What to do.
As an exercise in exact copying, transcribe the lines below from the one holding "appartamenti in affitto a caserta" through the last, with both ends included and pictures left out.

Raw data.

····················

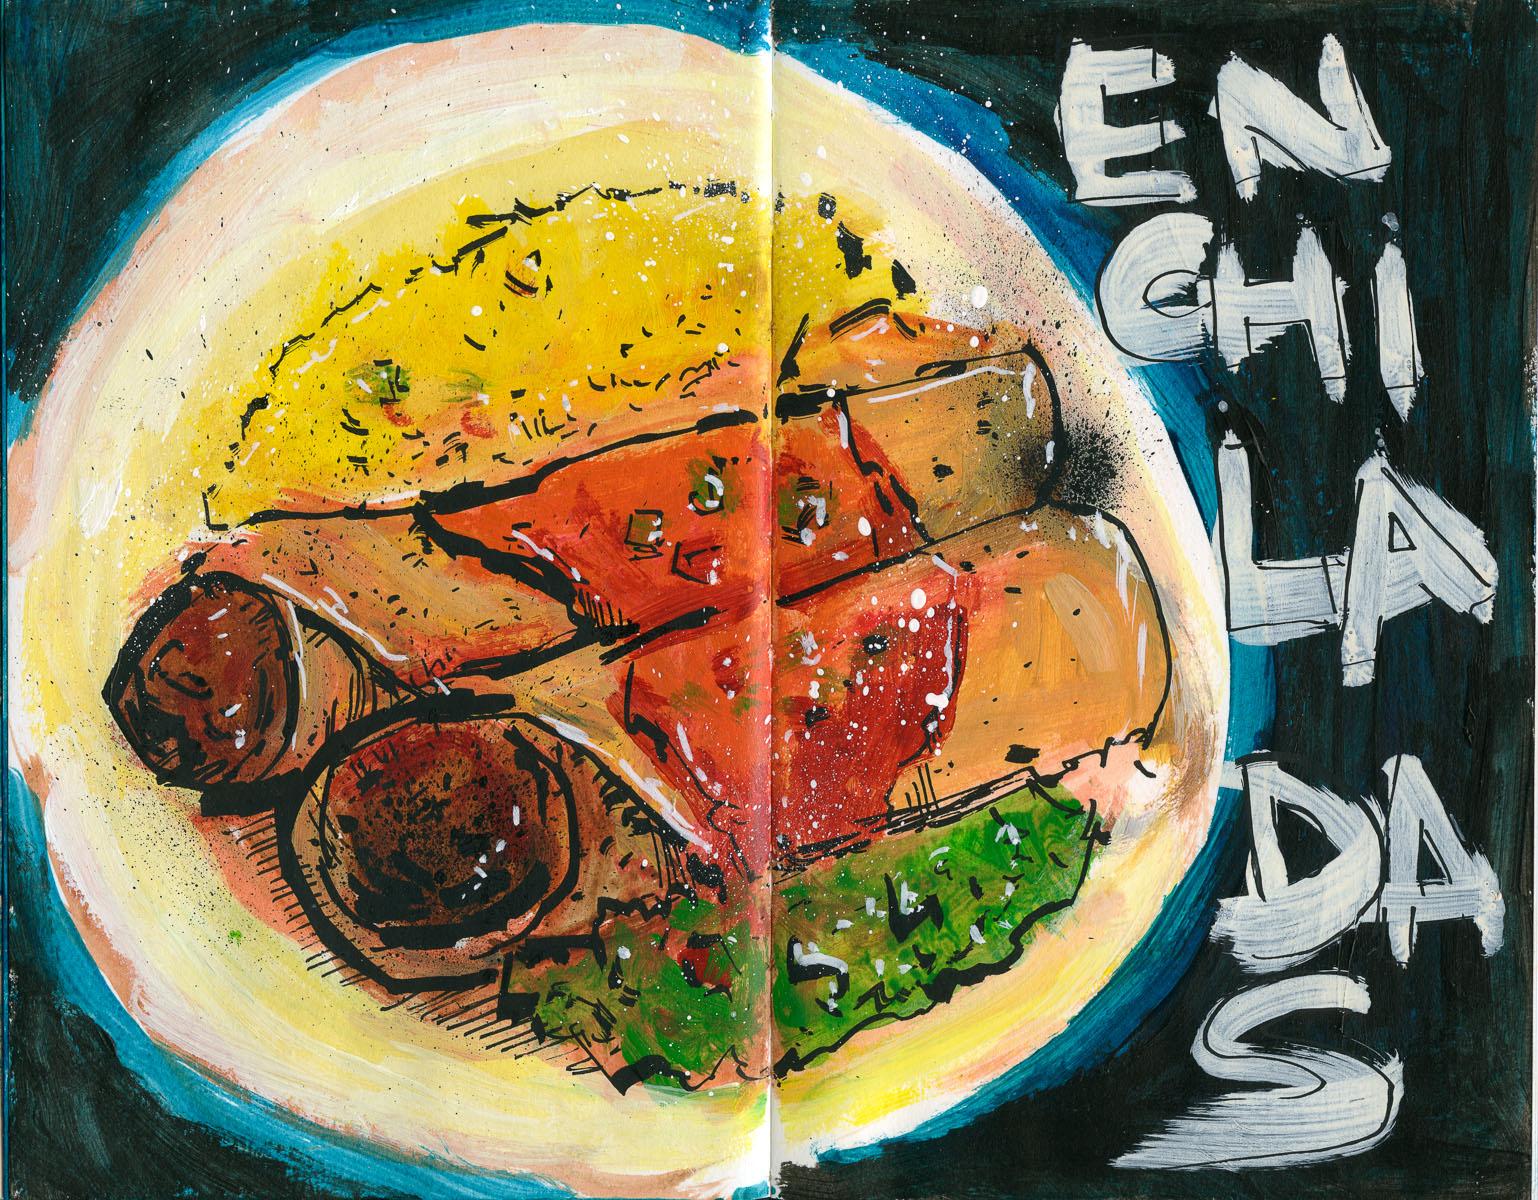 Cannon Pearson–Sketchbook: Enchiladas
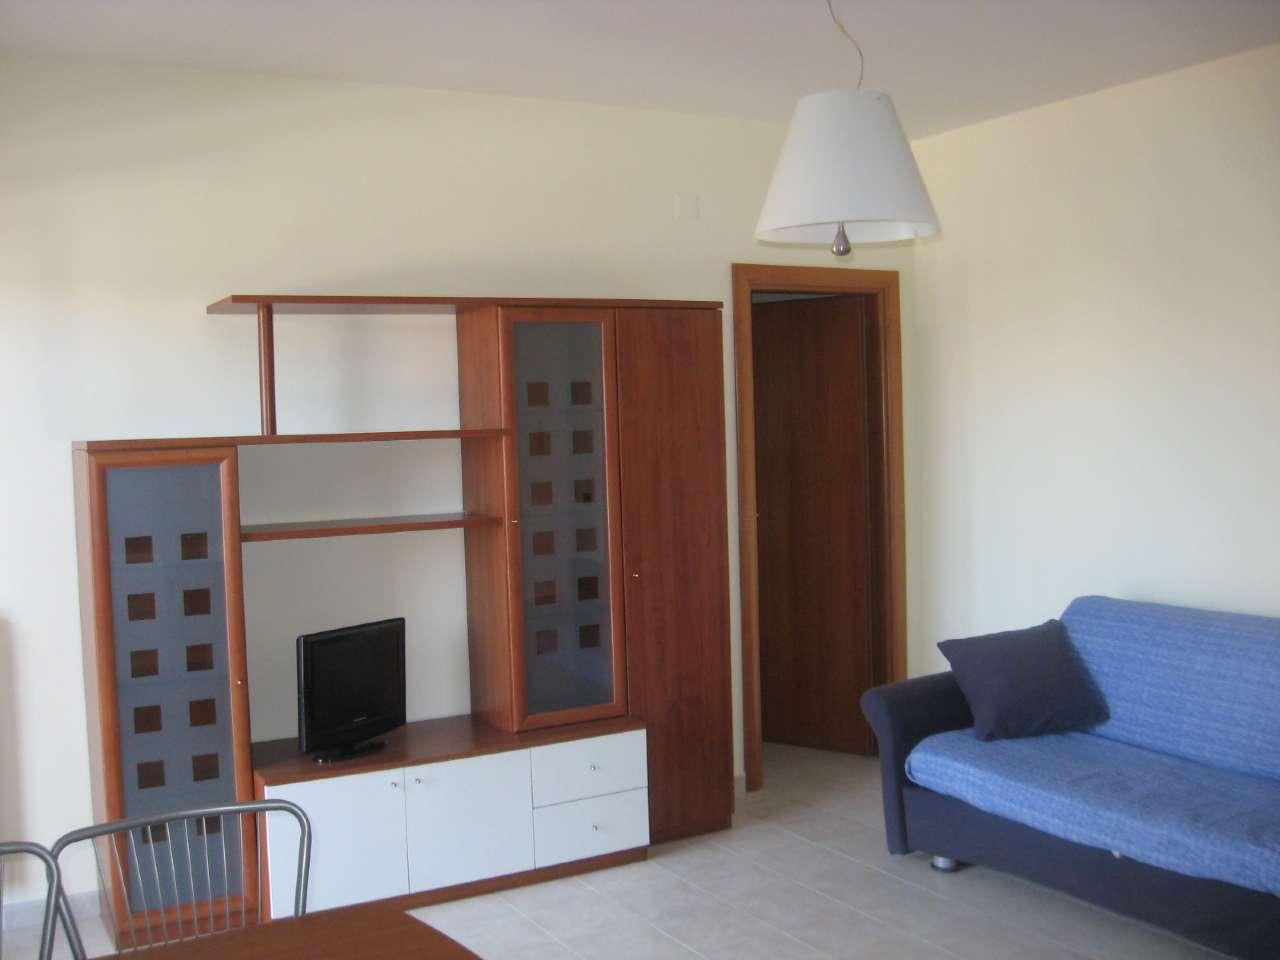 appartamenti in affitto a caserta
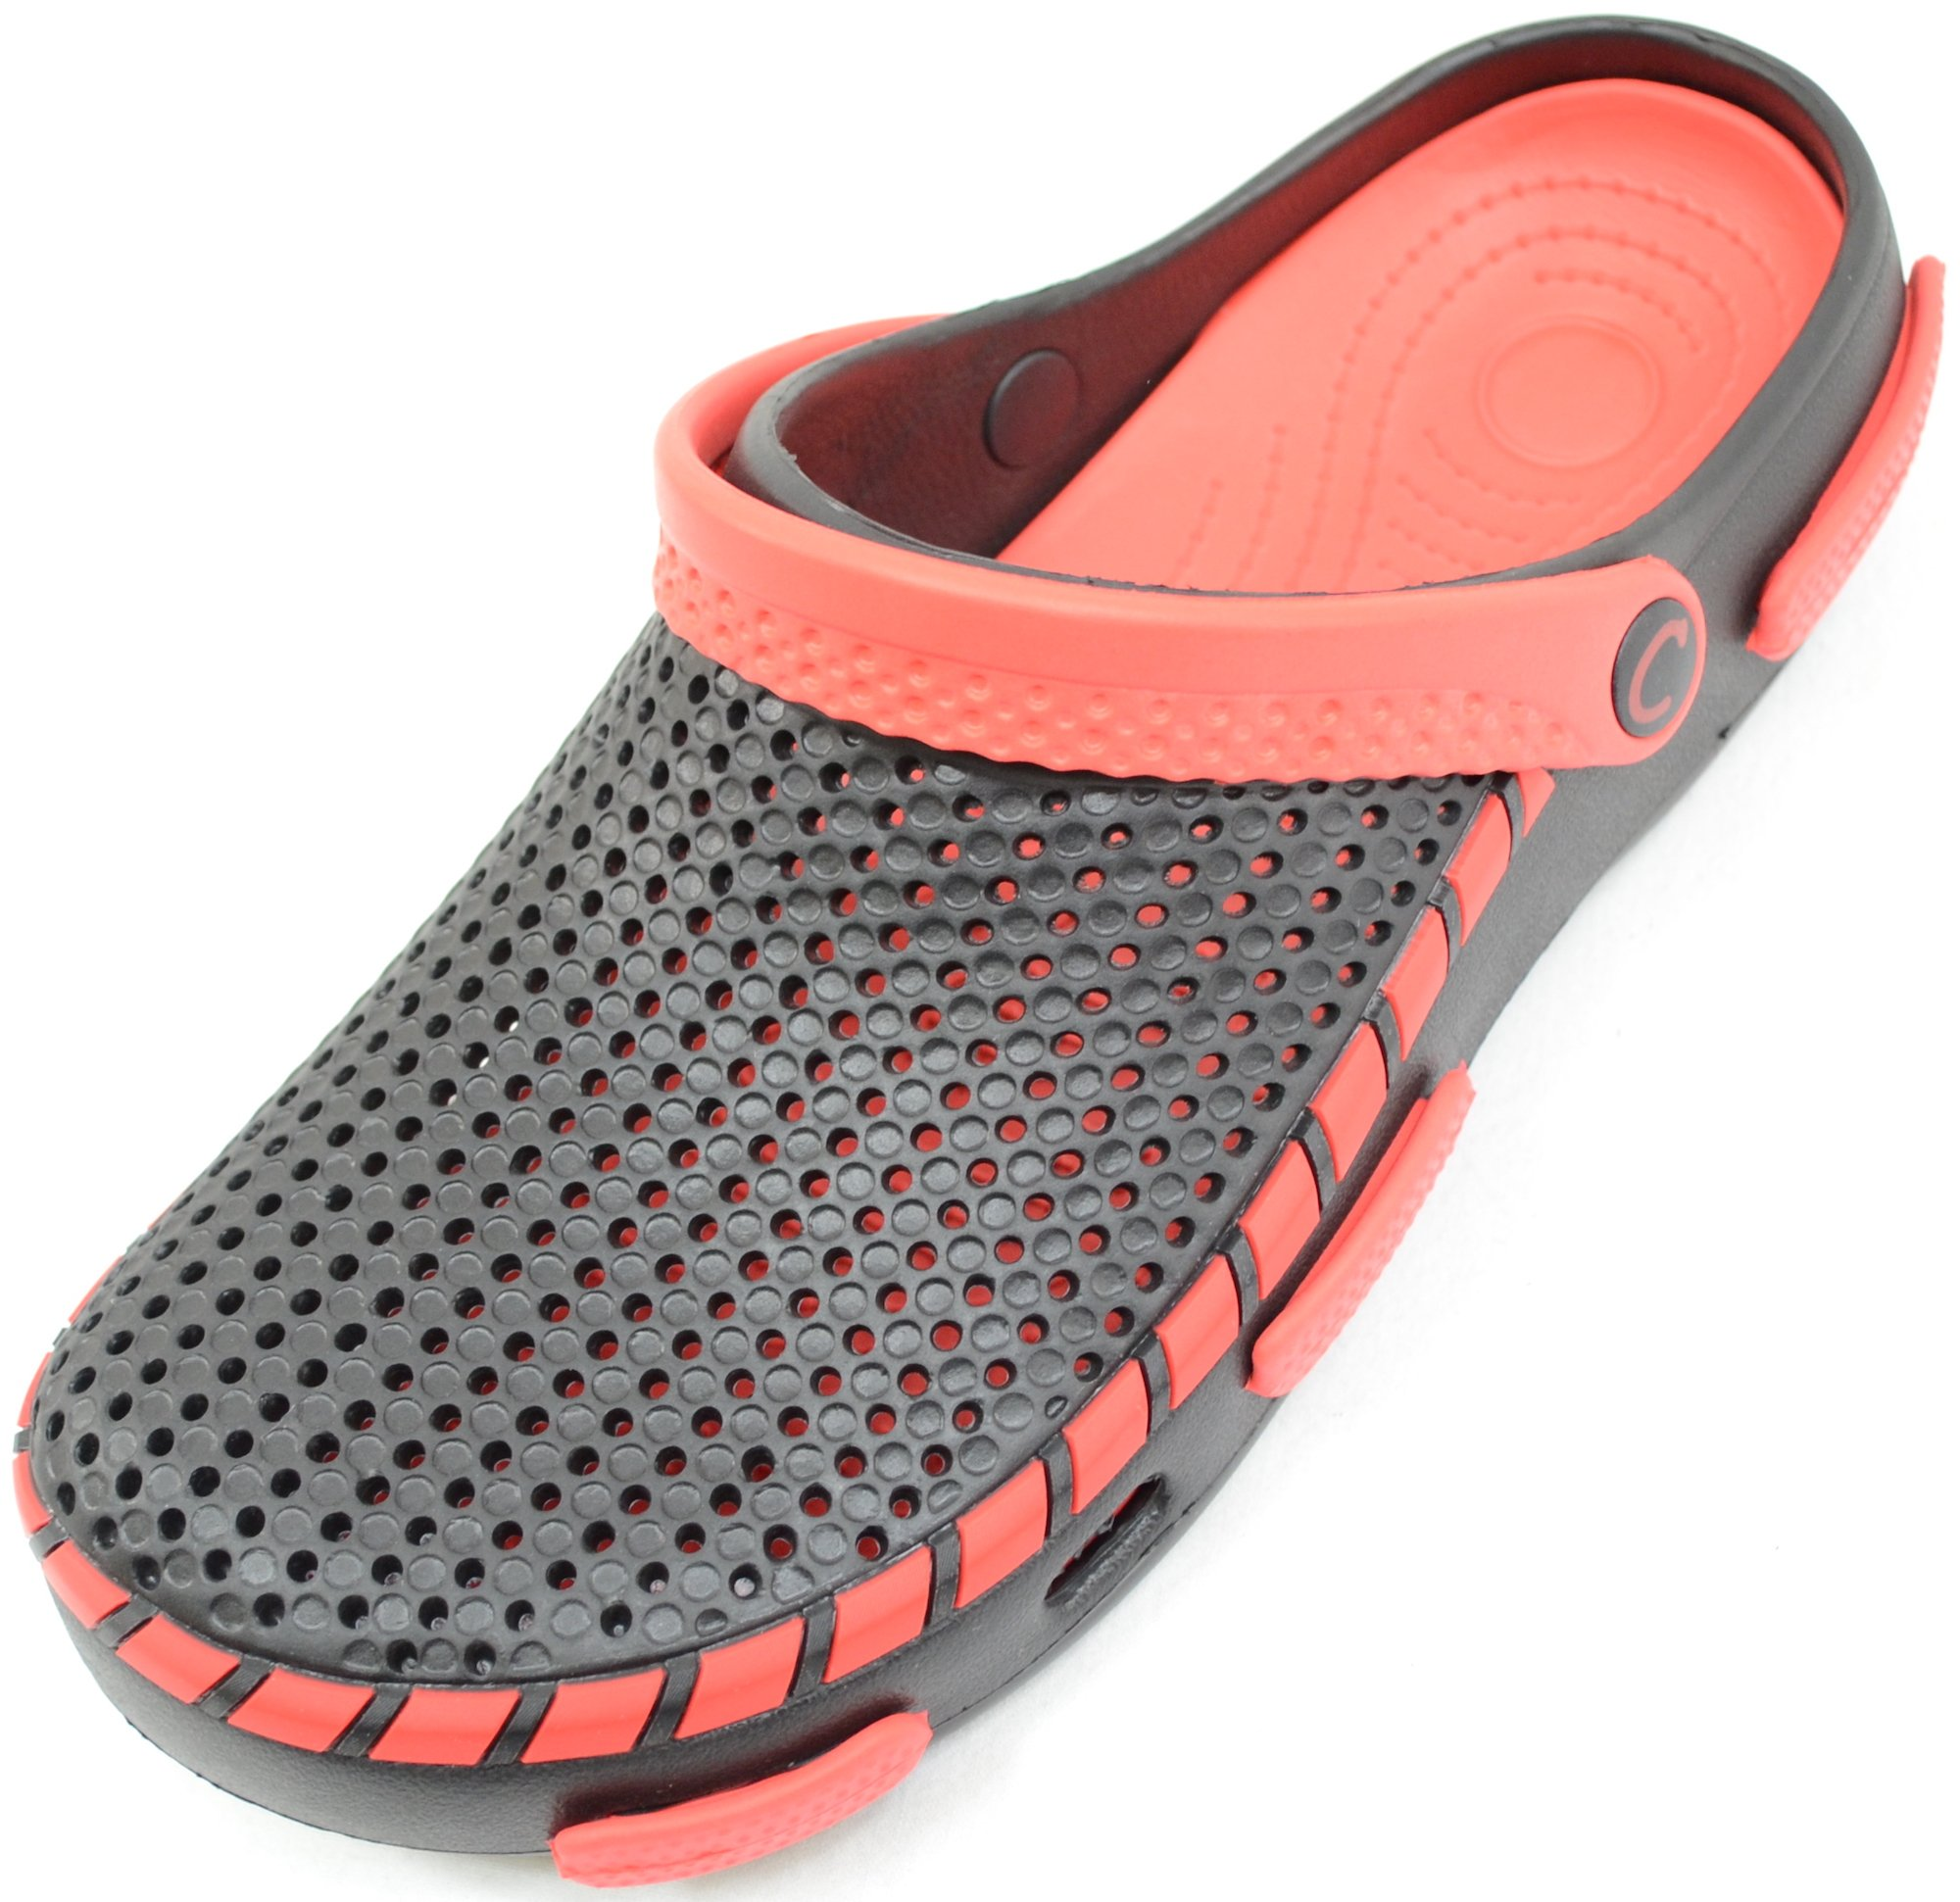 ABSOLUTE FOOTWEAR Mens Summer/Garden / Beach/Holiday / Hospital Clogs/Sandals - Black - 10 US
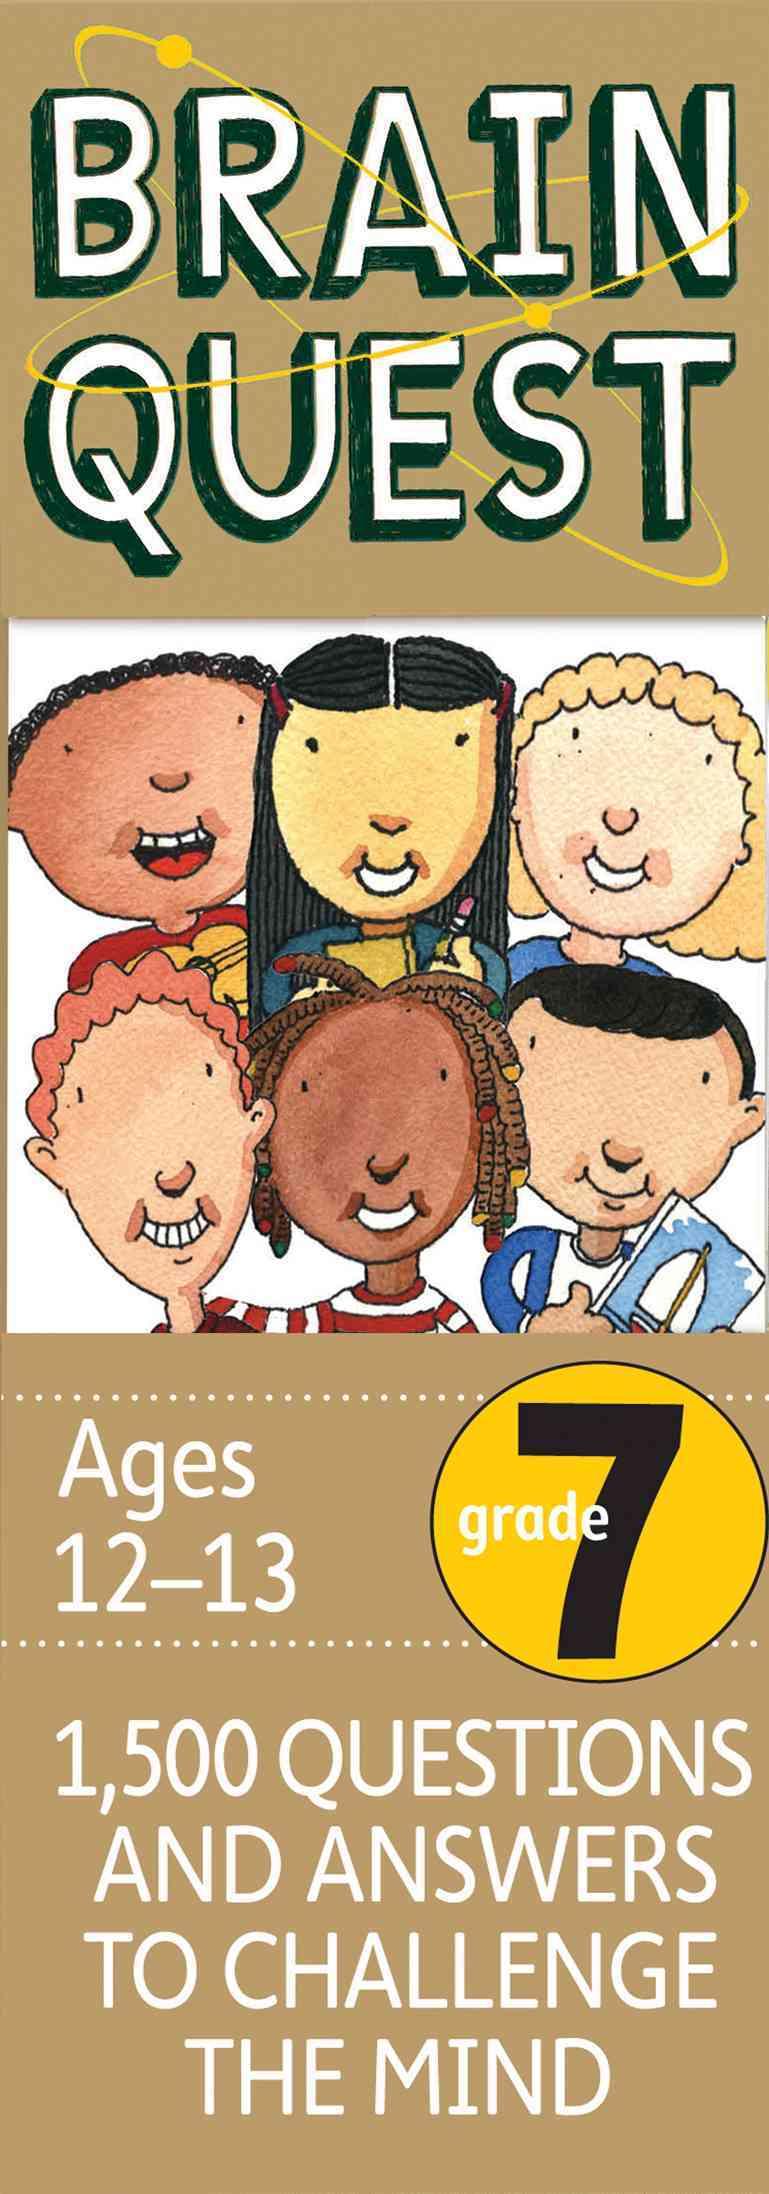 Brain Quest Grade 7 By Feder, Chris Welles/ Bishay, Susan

····················

Response area.
 appartamenti in affitto a caserta
 ABSOLUTE FOOTWEAR Mens Summer/Garden / Beach/Holiday / Hospital Clogs/Sandals - Black - 10 US
 Brain Quest Grade 7 By Feder, Chris Welles/ Bishay, Susan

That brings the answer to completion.